▽

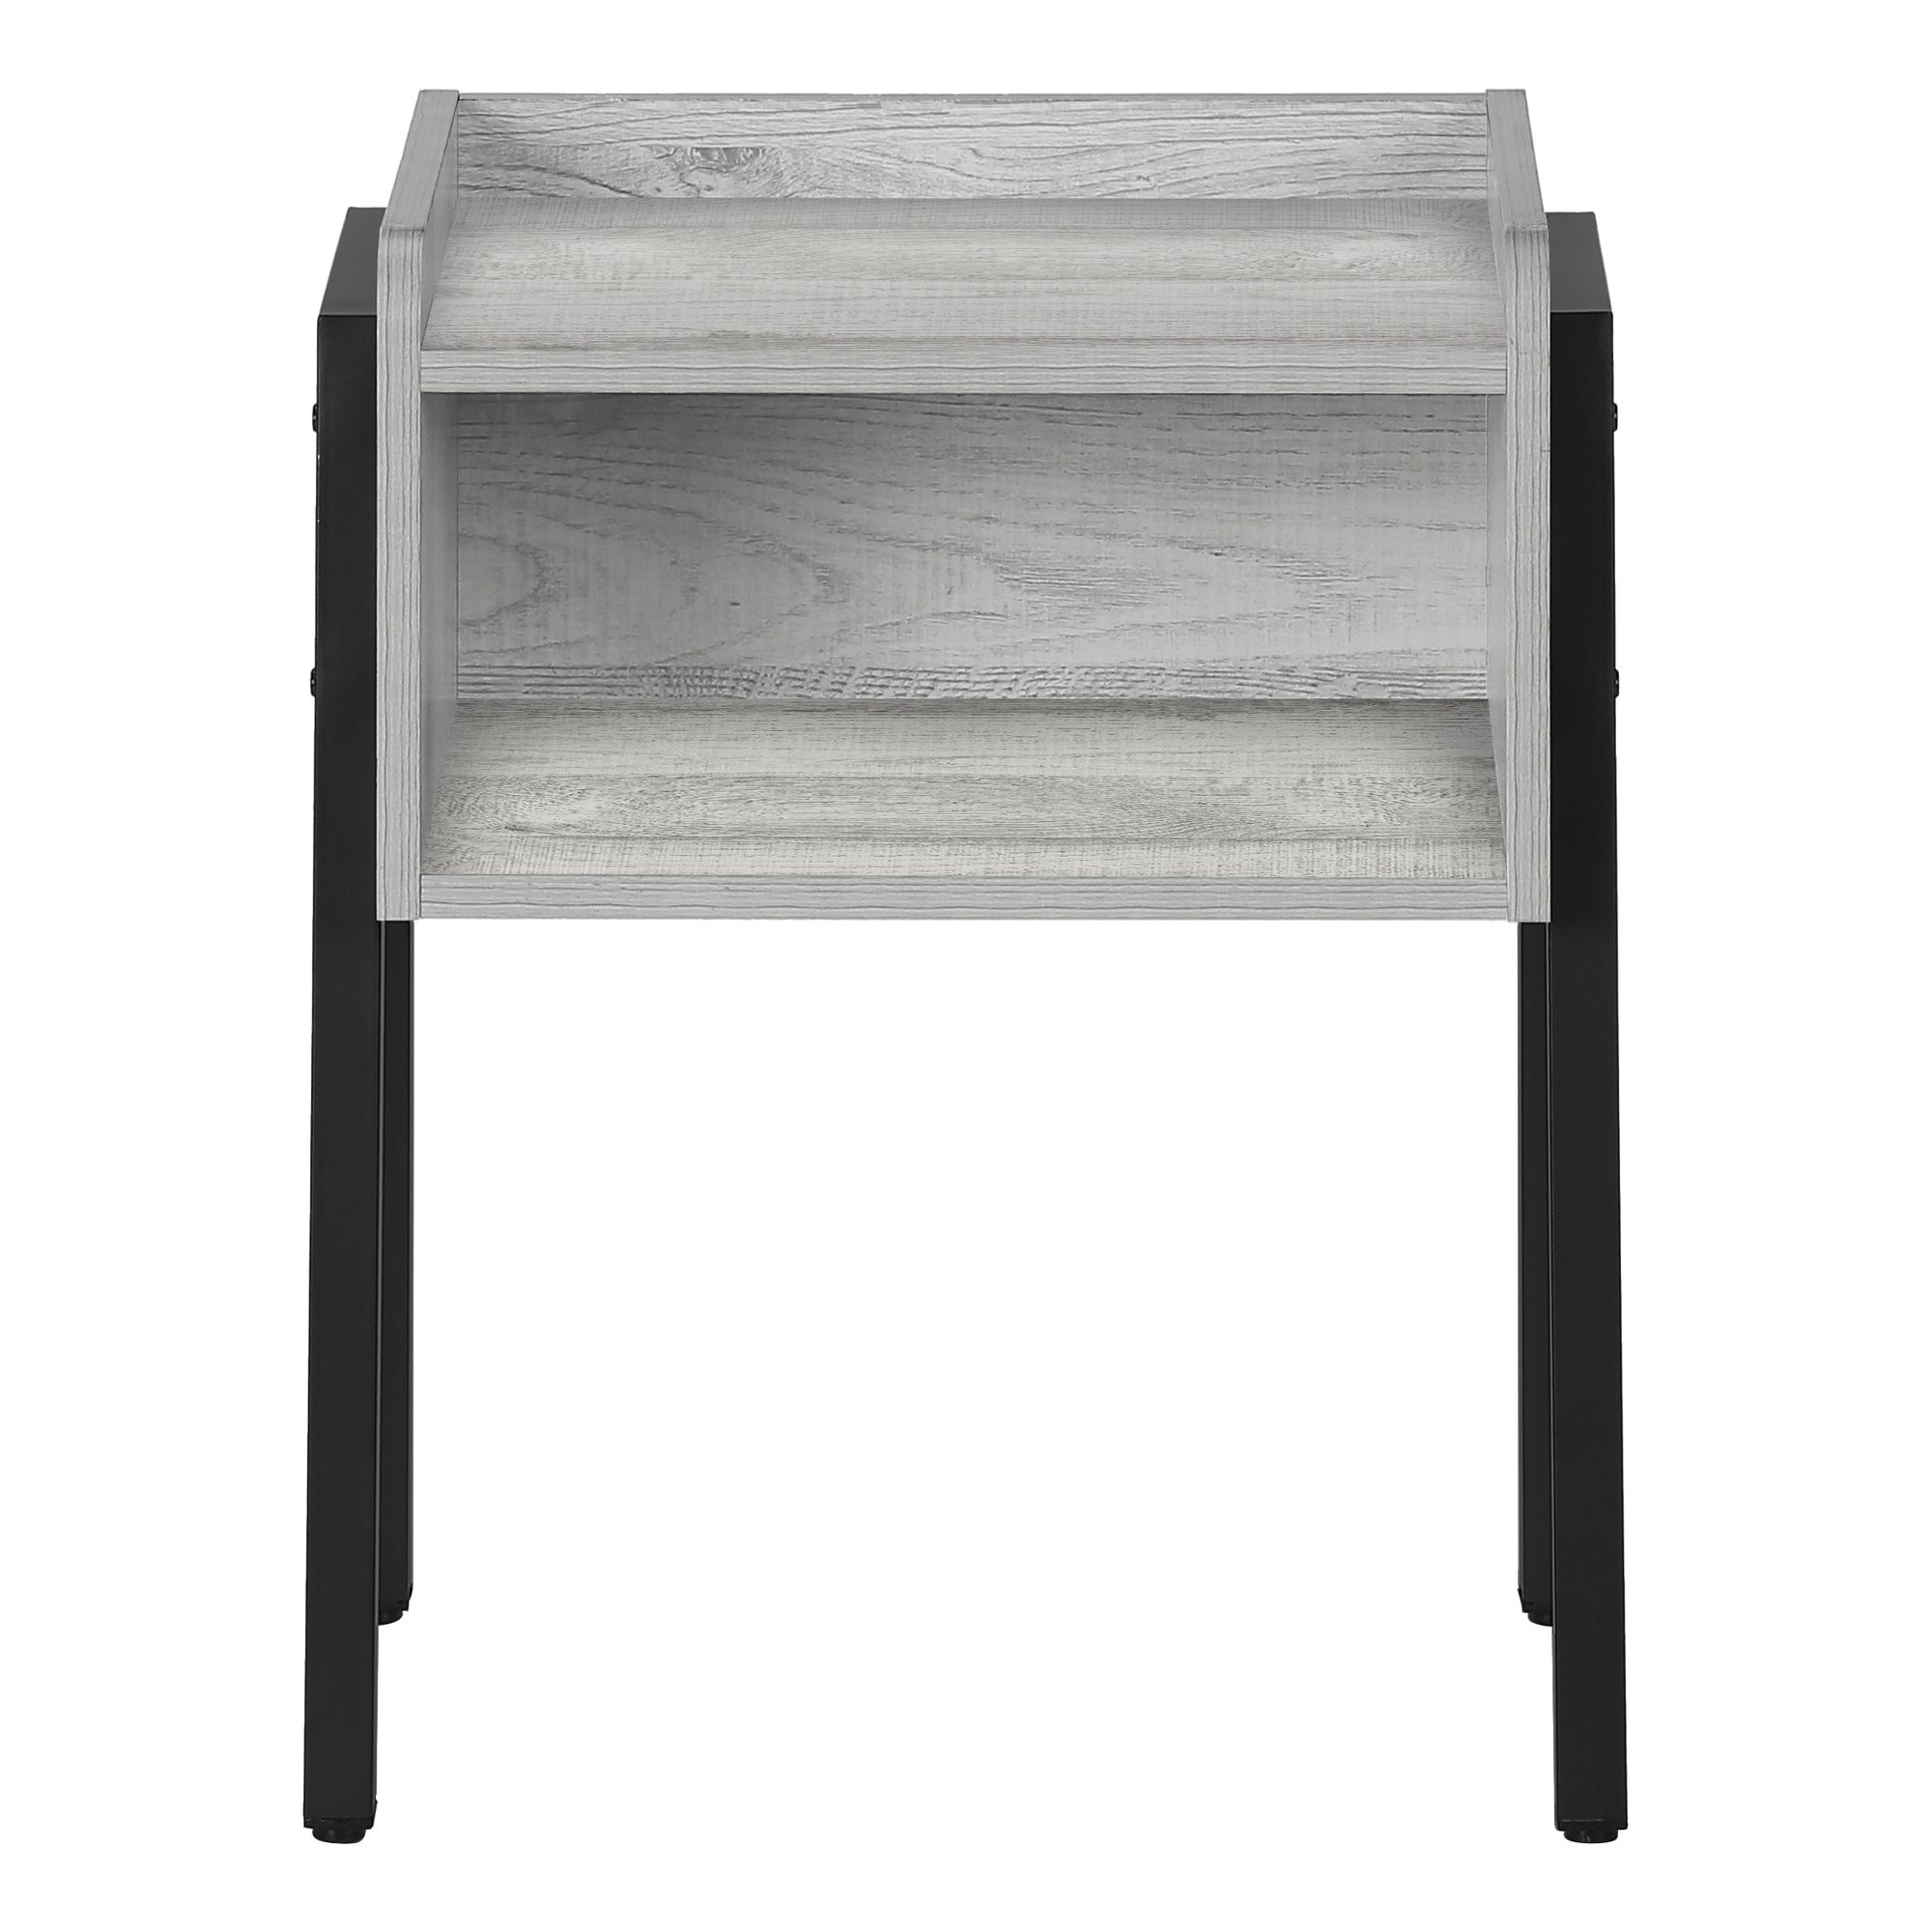 MN-493591    Accent Table, Side, End, Nightstand, Lamp, Living Room, Bedroom, Metal Legs, Laminate, Grey, Black, Contemporary, Modern
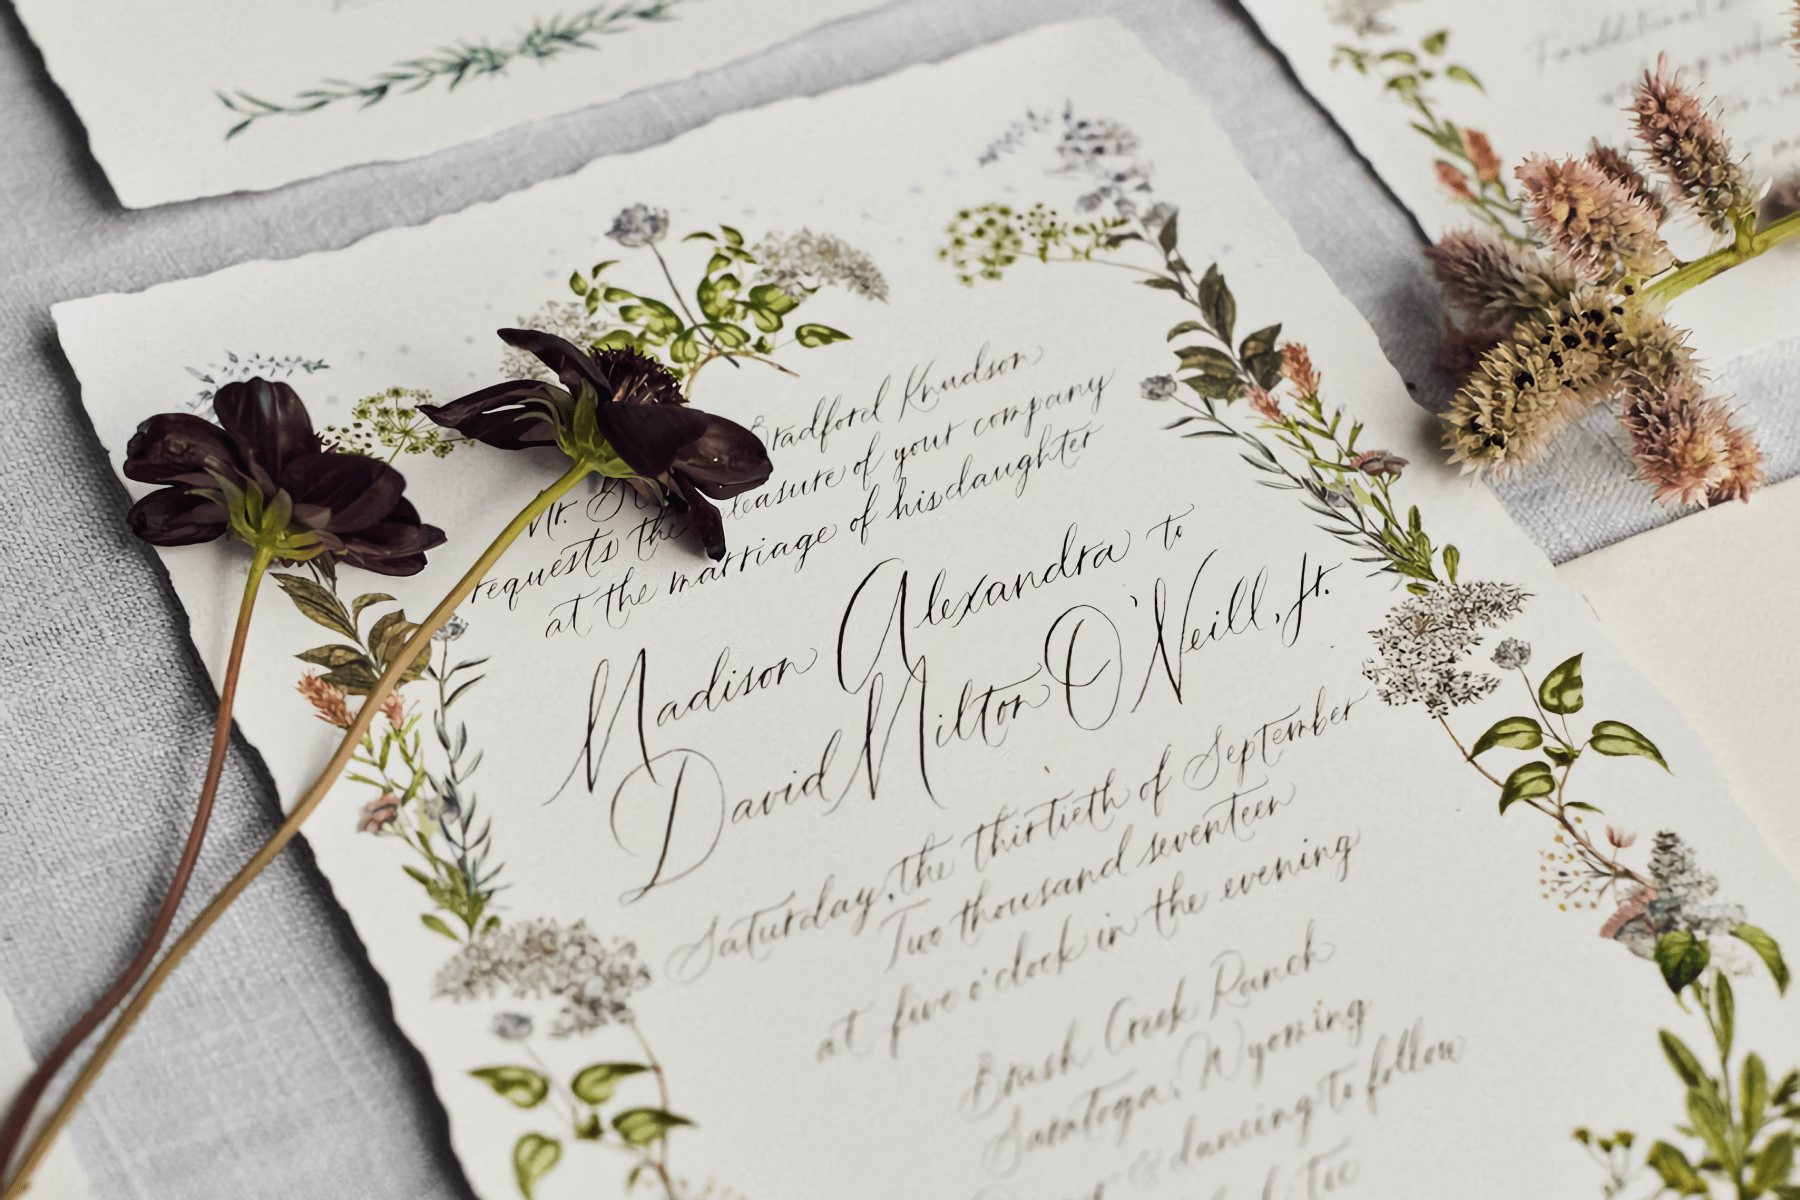 A wedding invitation with organic edges, a delicate floral border, and hand-written calligraphy, with small flowers laid on top.
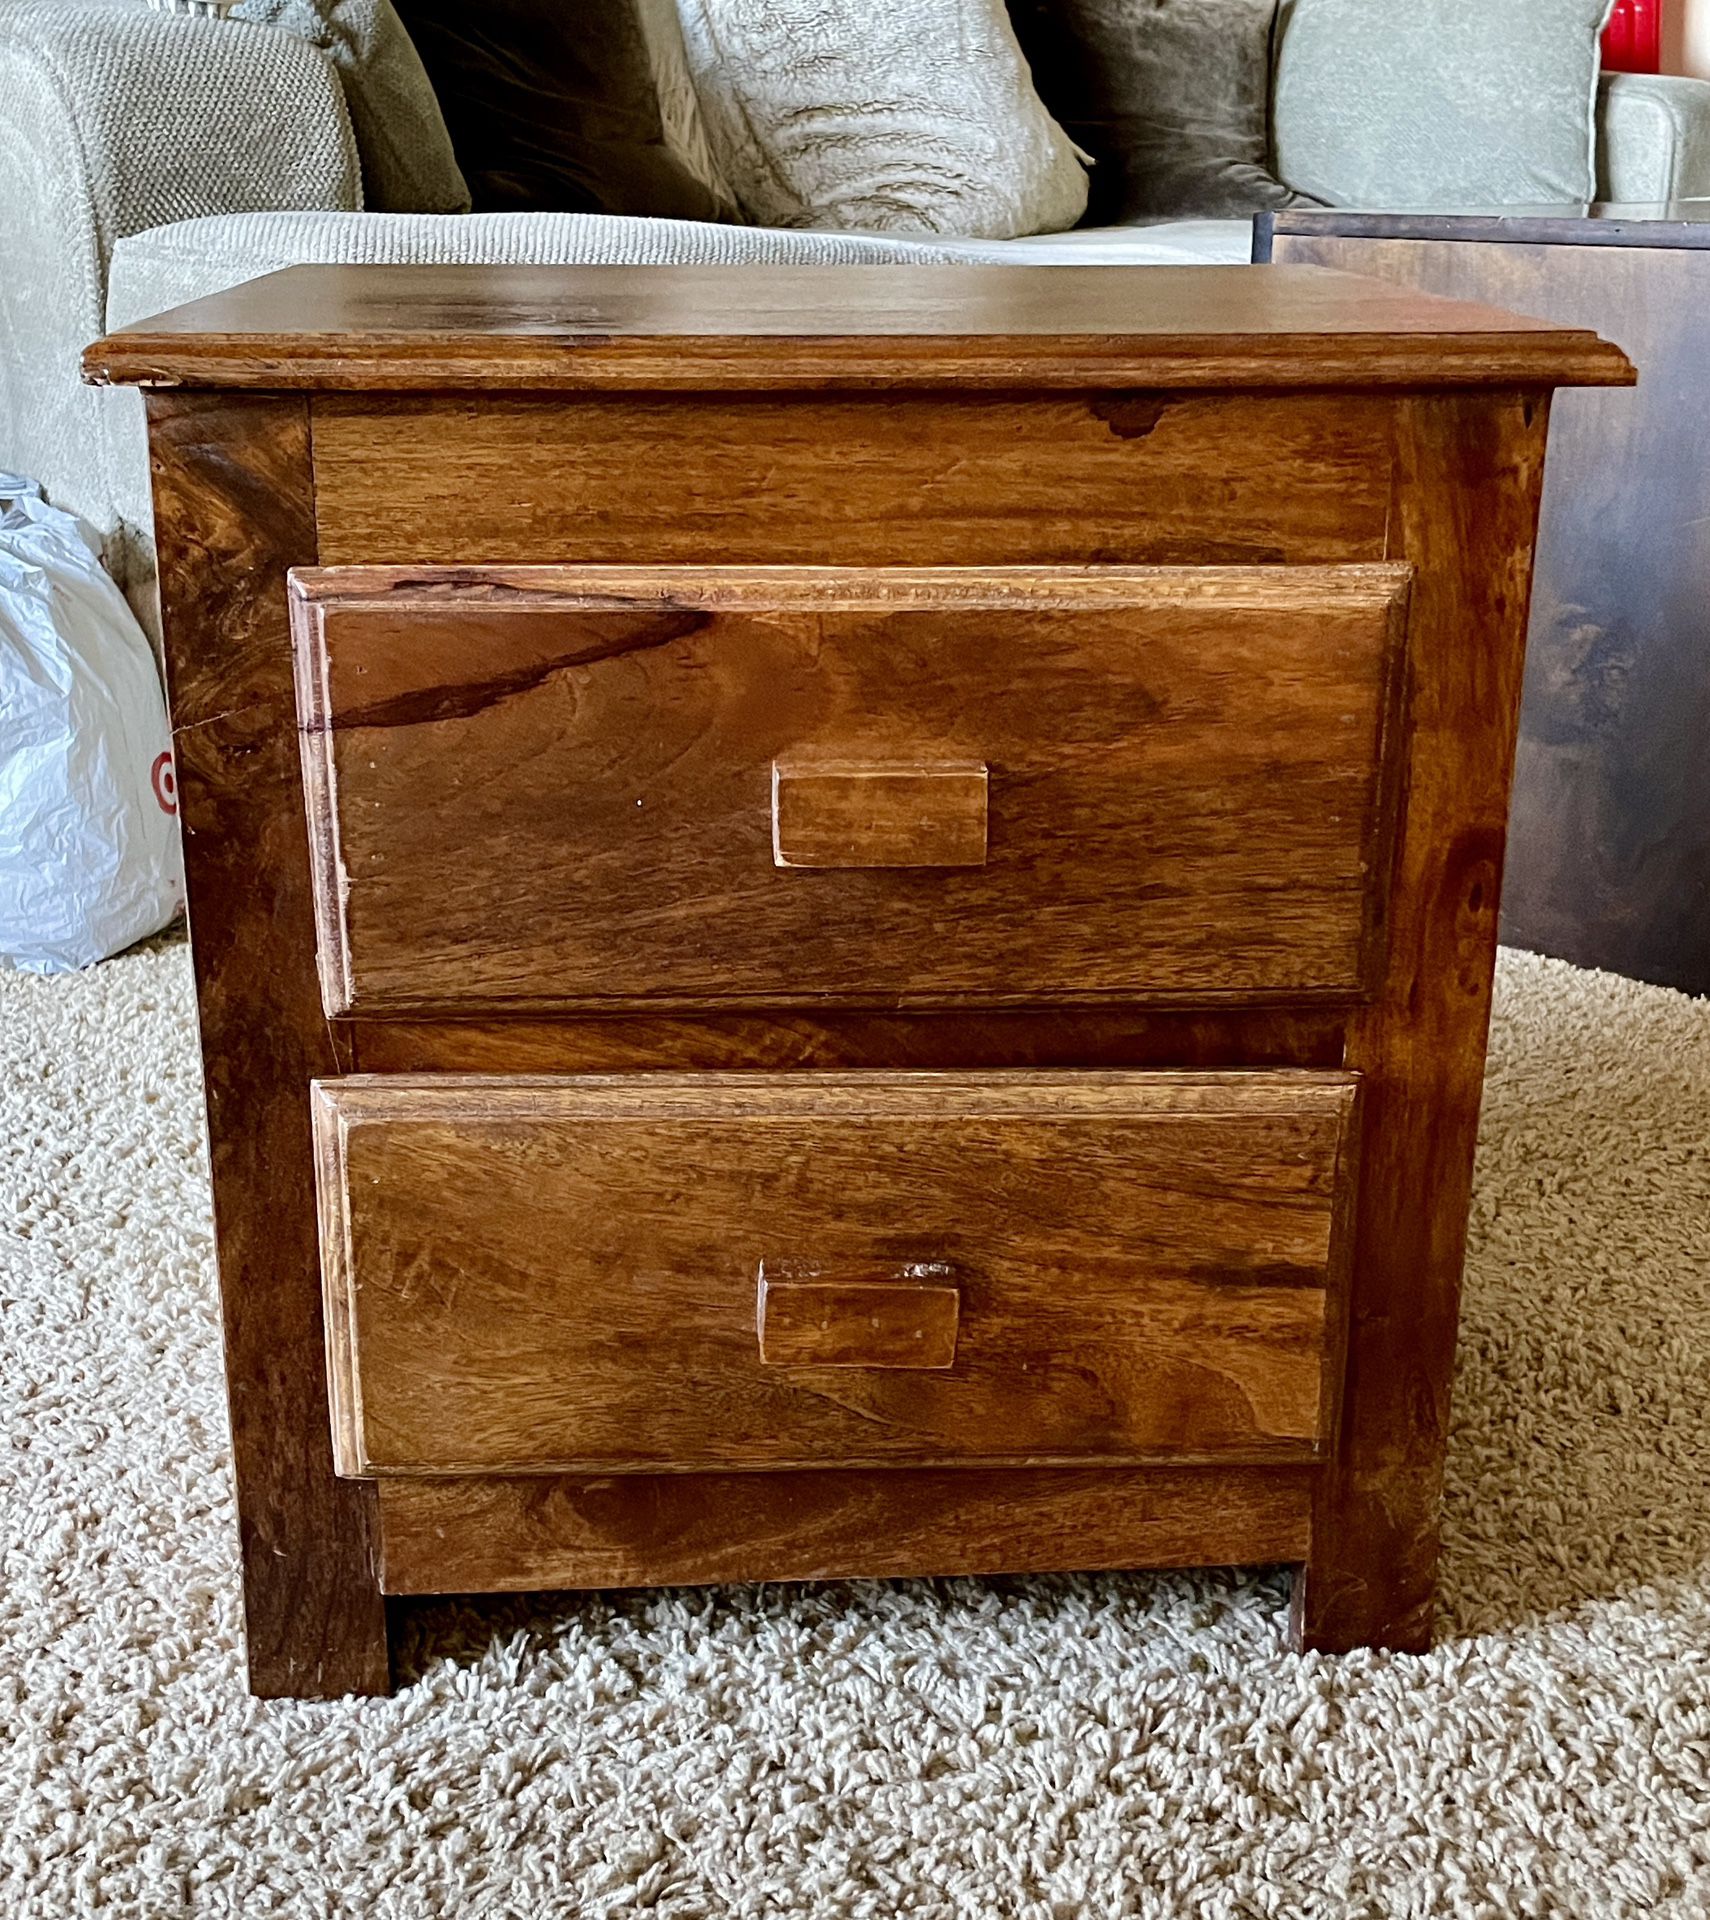 Solid Wood Night Stand End Table

△

▶ Brief
Your output should be the lines from the line containing "A wedding invitation" through the last line of the listing above, restated exactly, with no pictures among them.

▶ Exercise solution
 A wedding invitation with organic edges, a delicate floral border, and hand-written calligraphy, with small flowers laid on top.
 Solid Wood Night Stand End Table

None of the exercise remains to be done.